It's alright. It's quite the obscure (and most certainly off-topic) topic if you are not a developer. 



> I run Access 2007 on one machine and 2010 on this machine and am perfectly happy with Access' ability to store, organise, and access data.



Yes, access is a nice tool to manage data. What we use is not much different, but it has more advanced functionality and runs in the back-end of the applications we develop. In fact, I believe Access uses MS SQL Server in one way or another, though I'm not sure about this.



> When you say something like 'An implementation of relational databases does nothing by itself...' I've no idea what you are talking about. For me as a writer no software is an end in itself - just a means to an end.



What I meant is that the database implementation (say, access) is there to help you create and maintain a model where you store and query for data in some sort of organized fashion. The database in itself doesn't do anything, it's how you use it, and the abstract model you build with it. That's why I called it a "tool for development".


----------



## JosephB (Jun 8, 2011)

ClosetWriter said:


> I know that ITT is very expensive. I also know that I will probably catch some flack for saying this, but -- too me technology degrees are more about hanging a diploma on your wall than they are about preparing you for a job.



You can say that about a lot of degrees. A lot of them don't prepare you for the working world. It's mostly about on-the-job training. Also, where you go to school isn't as important as some people might think it is -- especially beyond the first job. Then it's more about your accomplishments and track record. 

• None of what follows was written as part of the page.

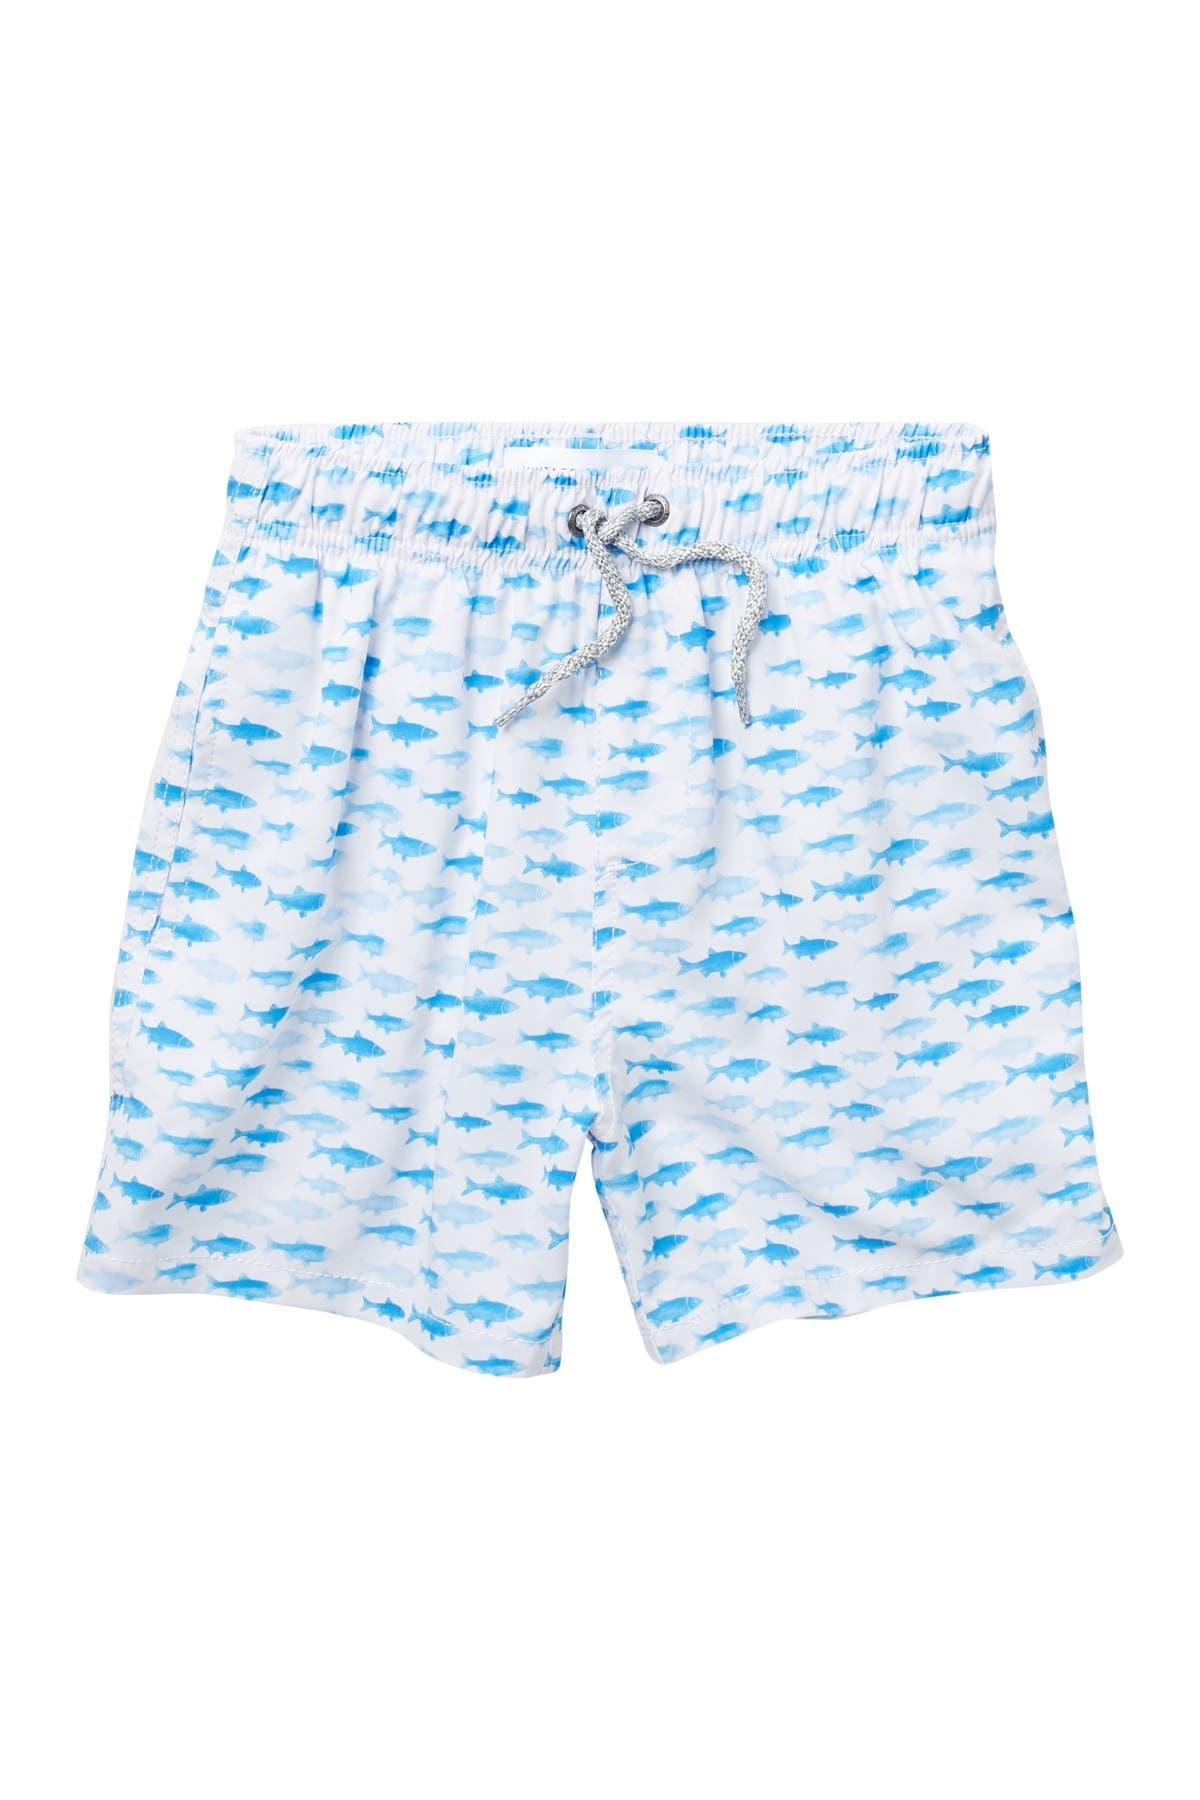 Image of Vintage Summer Printed Drawstring Swim Shorts

I went to design school at a state university. I know folks who went to Parsons or Pratt and spent 5 times the tuition and their portfolios weren't any better than mine. Once I opened my book, the people with whom I was interviewing didn't care where I went to school. It was all about the work.


----------



## ClosetWriter (Jun 8, 2011)

JosephB said:


> You can say that about a lot of degrees. A lot of them don't prepare you for the working world. It's mostly about on-the-job training. Also, where you go to school isn't as important as some people might think it is -- especially beyond the first job. Then it's more about your accomplishments and track record.
> 
> I went to design school at a state university. I know folks who went to Parsons or Pratt and spent 5 times the tuition and their portfolios weren't any better than mine. Once I opened my book, the people with whom I was interviewing didn't care where I went to school. It was all about the work.


 
I agree with you 100%. I find it mind boggling how little I was actually taught in terms of what was required for me to get my degree.


----------



## ClosetWriter (Jun 8, 2011)

Wow! I had no idea that the mention of the word "database" could stir up so much emotion. 
Skeletor -- your unwavering attempt to right the world, in all that is wrong, with regards to technological semantics is quite exasperating. I see only one way to deal with you…

*                                                           “By the power of Greyskull*, I HAVE THE POWER!"

Ha ha -- now that's funny.


----------



## ScientistAsHero (Jun 8, 2011)

What I found when I went to ITT is that, even though they charged an exorbitant amount, the quality of my particular field of study was not all that good. For a school that taught students tech-heavy programs like Flash or 3d Studio Max, we had sub-par hardware and instruction. I remember one of my instructors who went out of his way to try to get new equipment and software, but he was pretty much refused at every turn by the administrators of the school. He had no qualms about telling us how ridiculous it was that ITT charged us students so much money for such a lacking program of study.

ITT just tries to spread itself too thin... "Multimedia" was not one of its original degree offerings and it seems like they began offering it solely to counter schools like Full Sail. But I think that if they are going to branch off and try to sell programs like this, they should be prepared to spend the money to make them as competitive and valuable as what you'd get at a 4-year school. I graduated from there in 2006, and since then I've seen them branch off even further with programs like Criminal Justice and Nursing. I wonder if those programs are as lacking as Multimedia was.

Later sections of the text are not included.